* [Problem to solve]: Please retype the listing below word for word and exclude its images.

* [The data]:
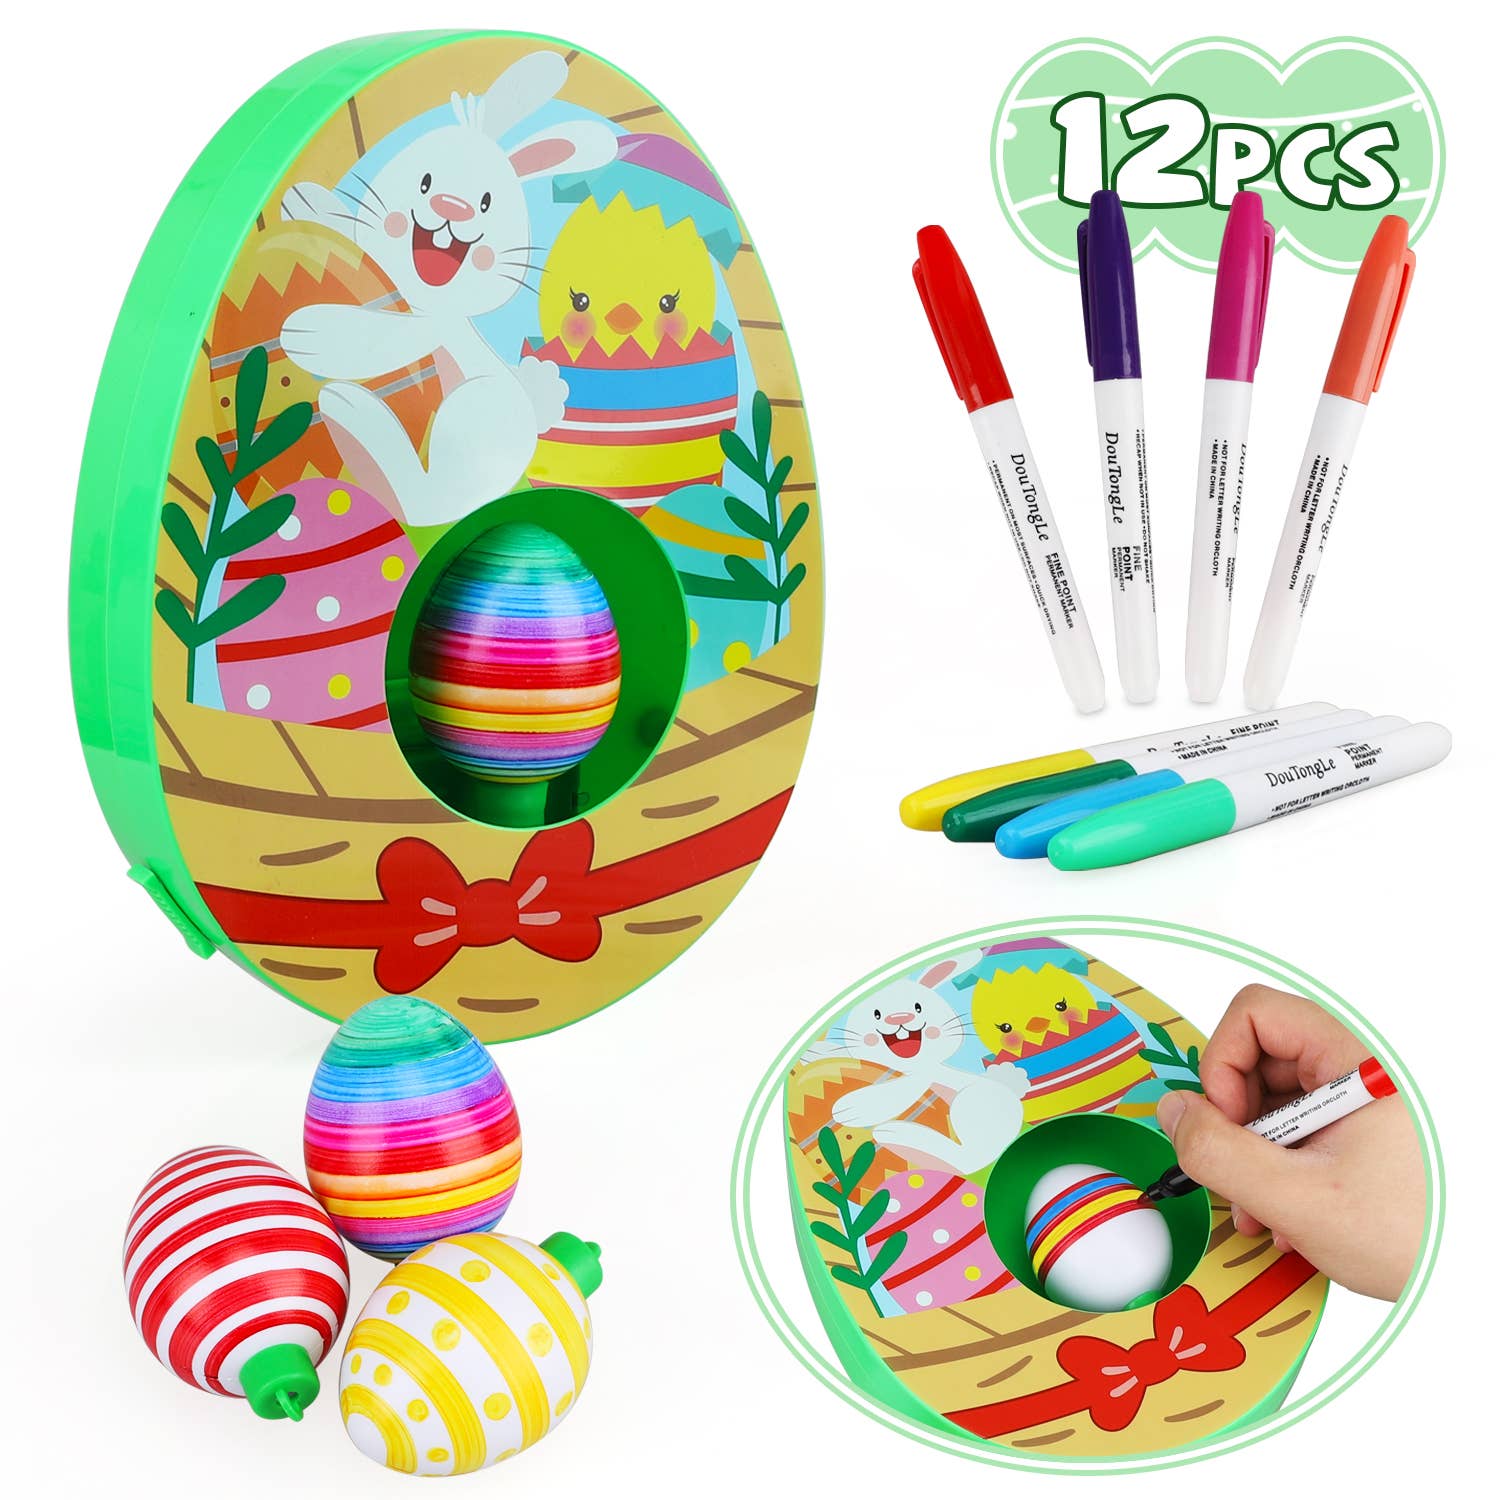 Egg Decorating Kit
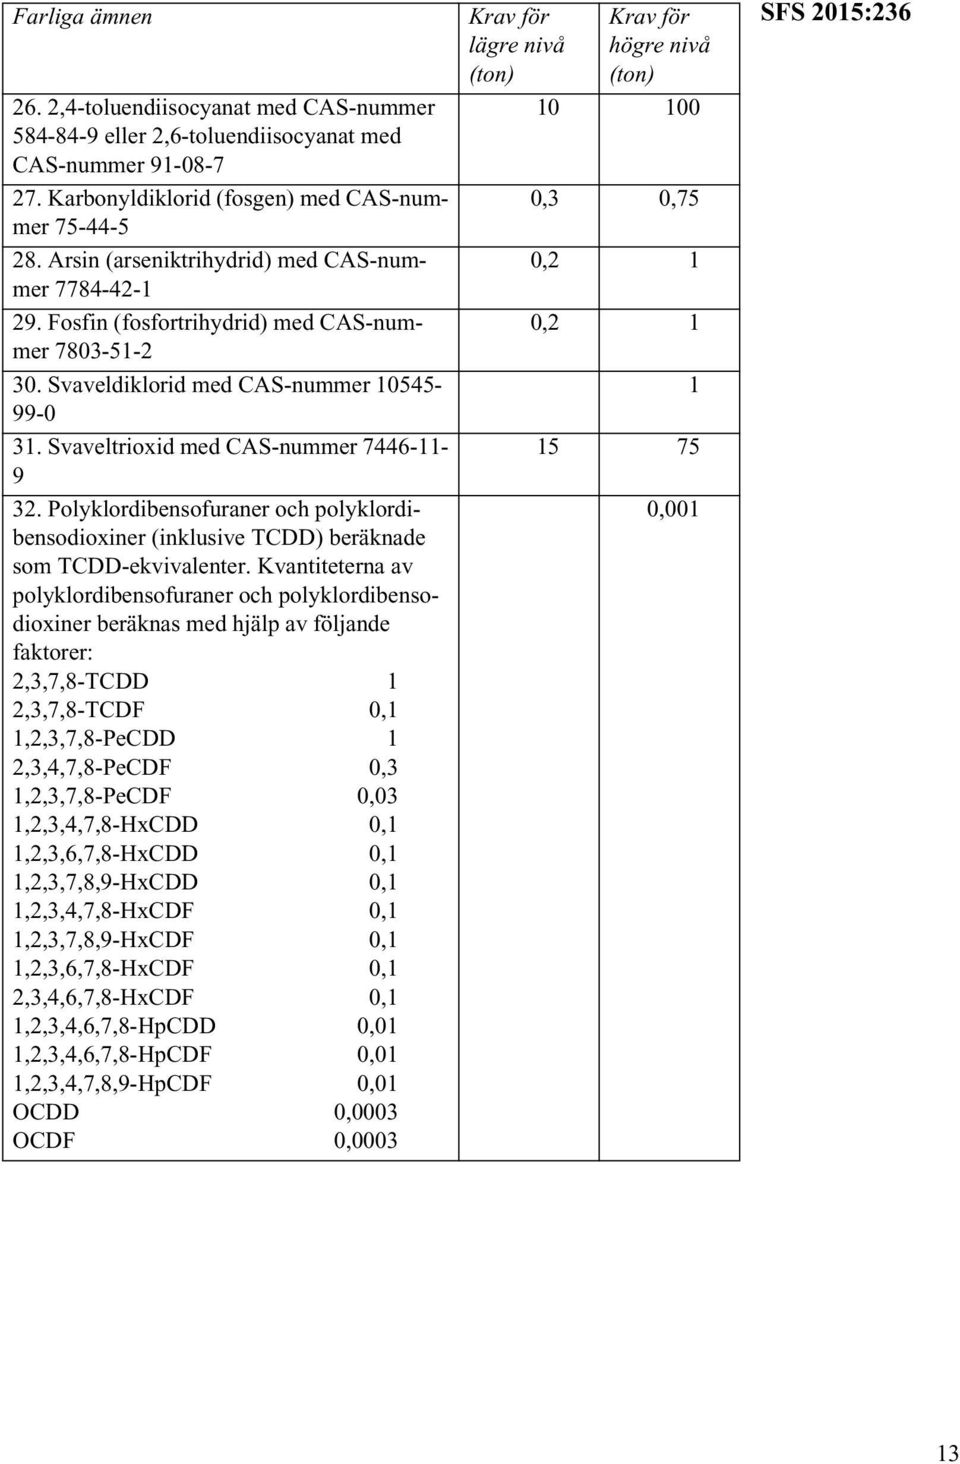 Polyklordibensofuraner och polyklordibensodioxiner (inklusive TCDD) beräknade som TCDD-ekvivalenter.
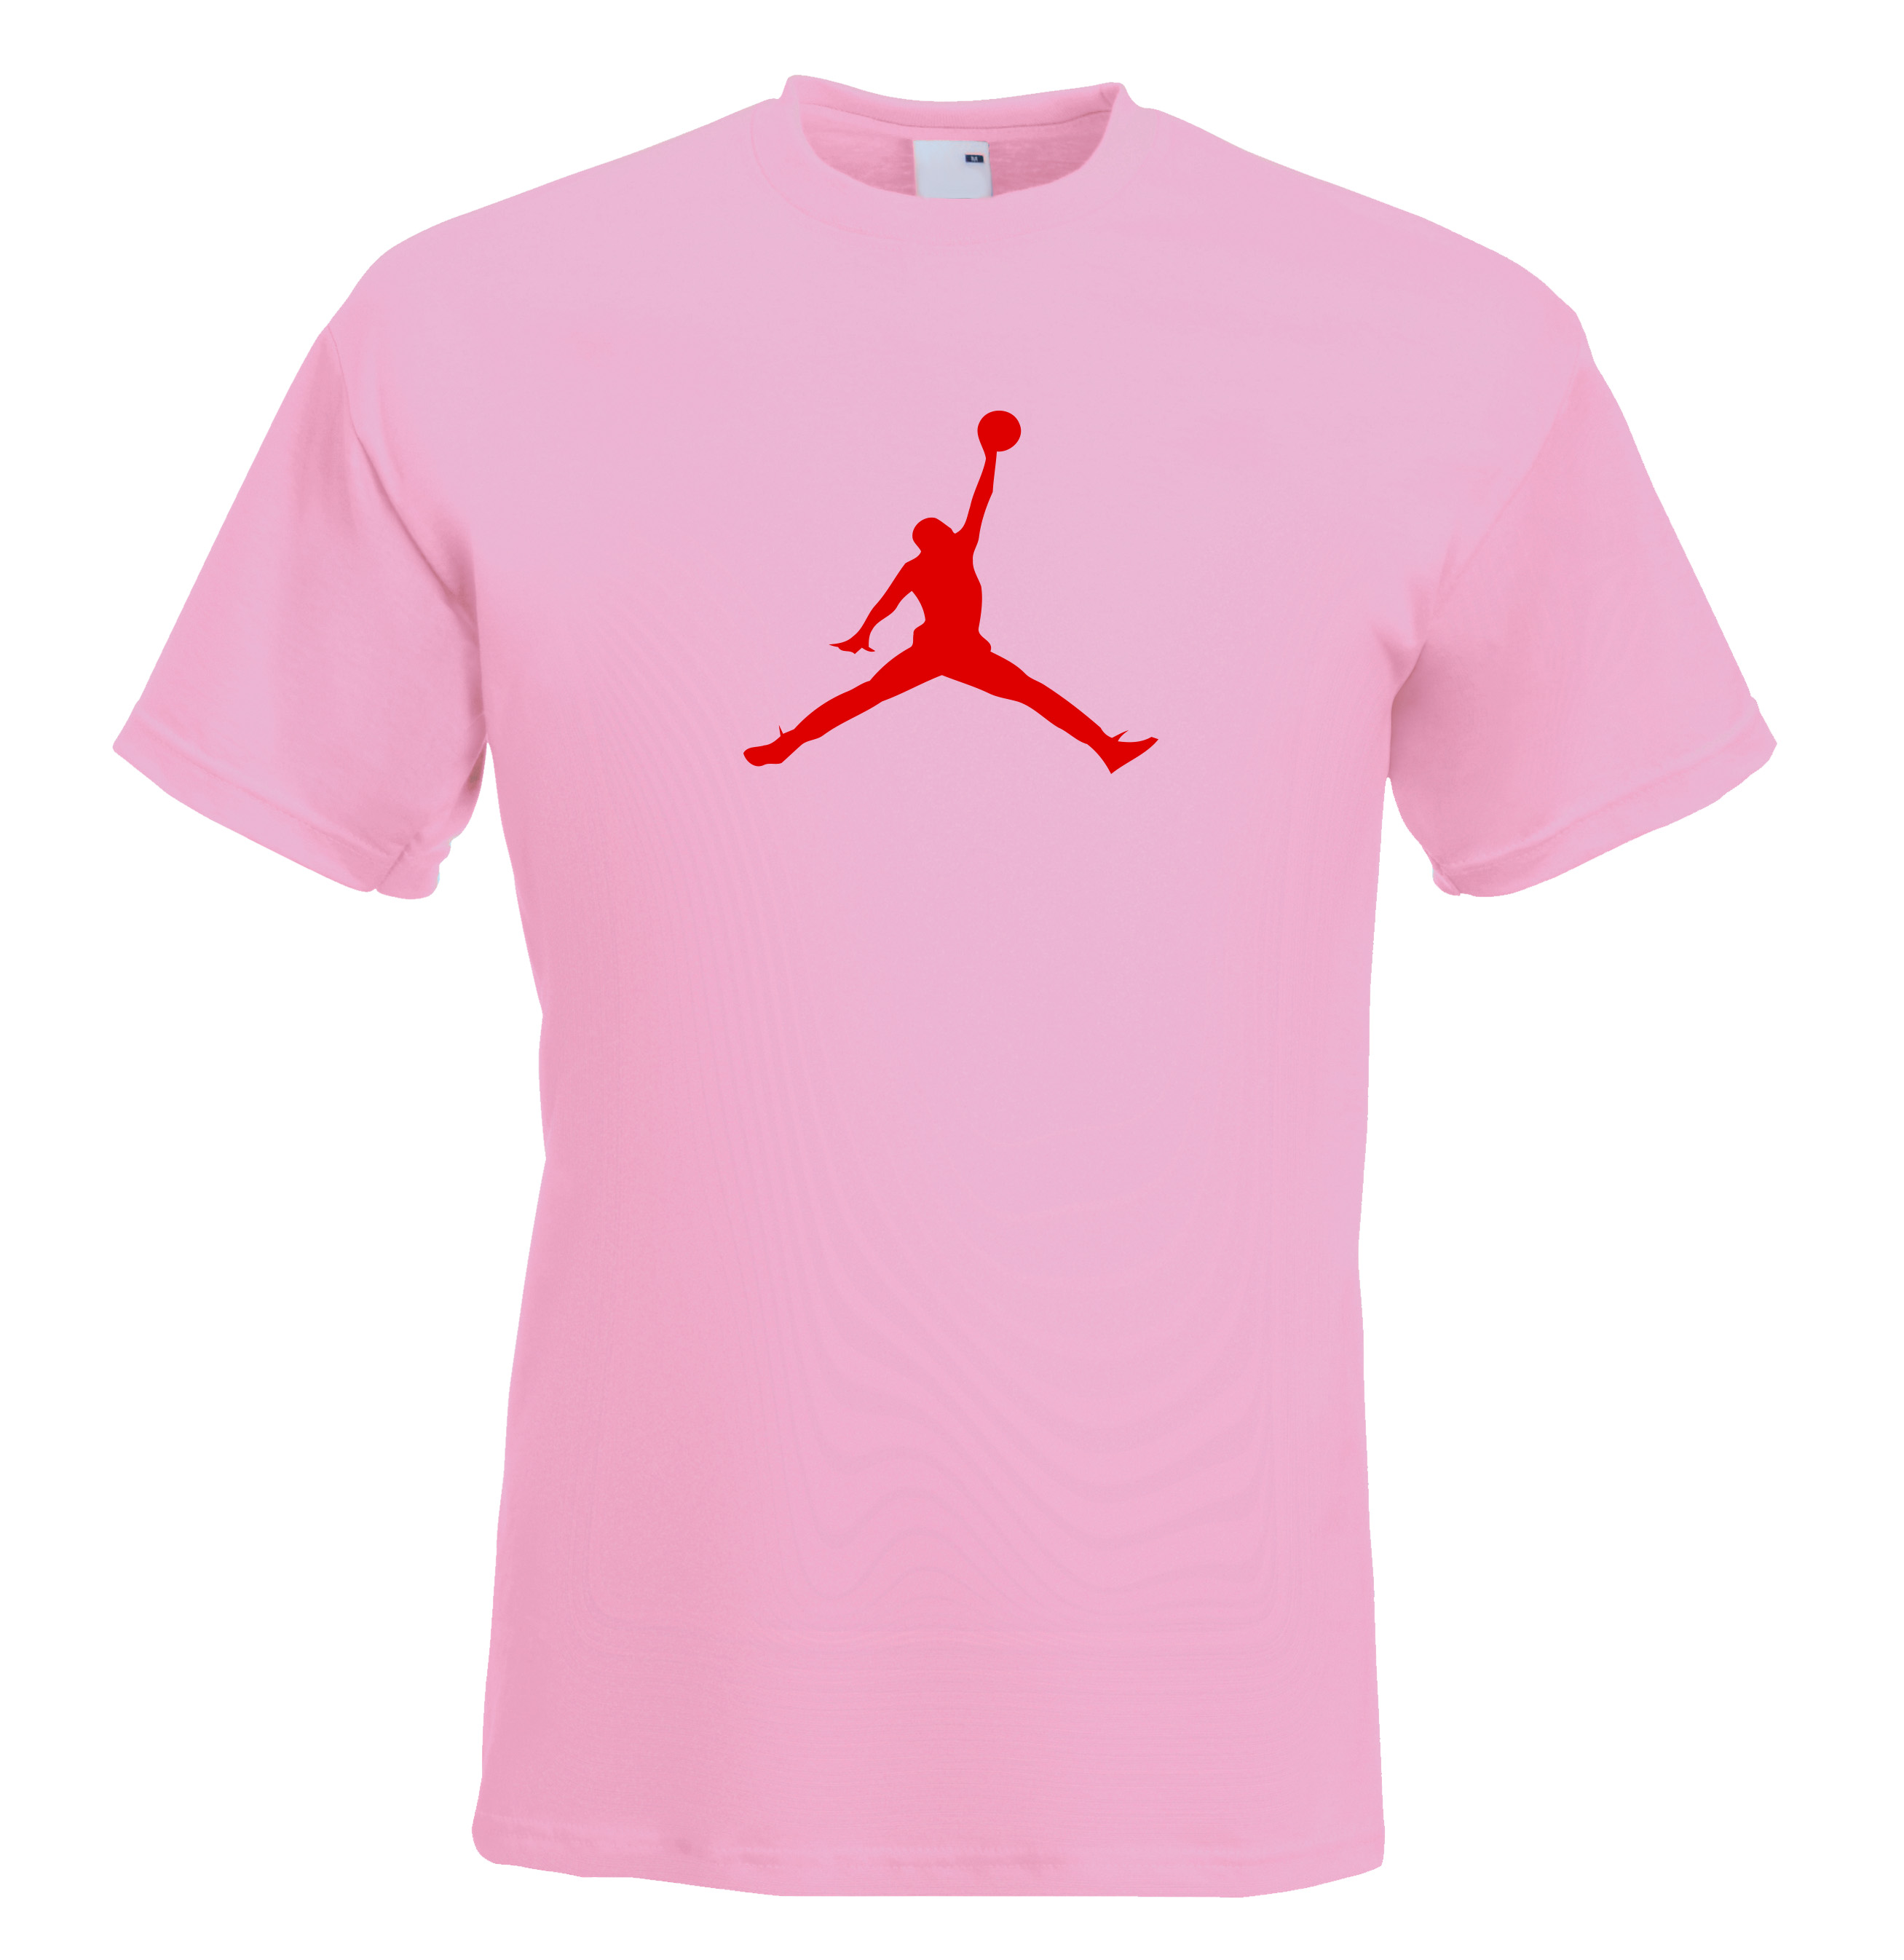 jordan pink t shirt

* [Solution for this task]:
 Egg Decorating Kit
 Polyklordibensofuraner och polyklordibensodioxiner (inklusive TCDD) beräknade som TCDD-ekvivalenter.
 jordan pink t shirt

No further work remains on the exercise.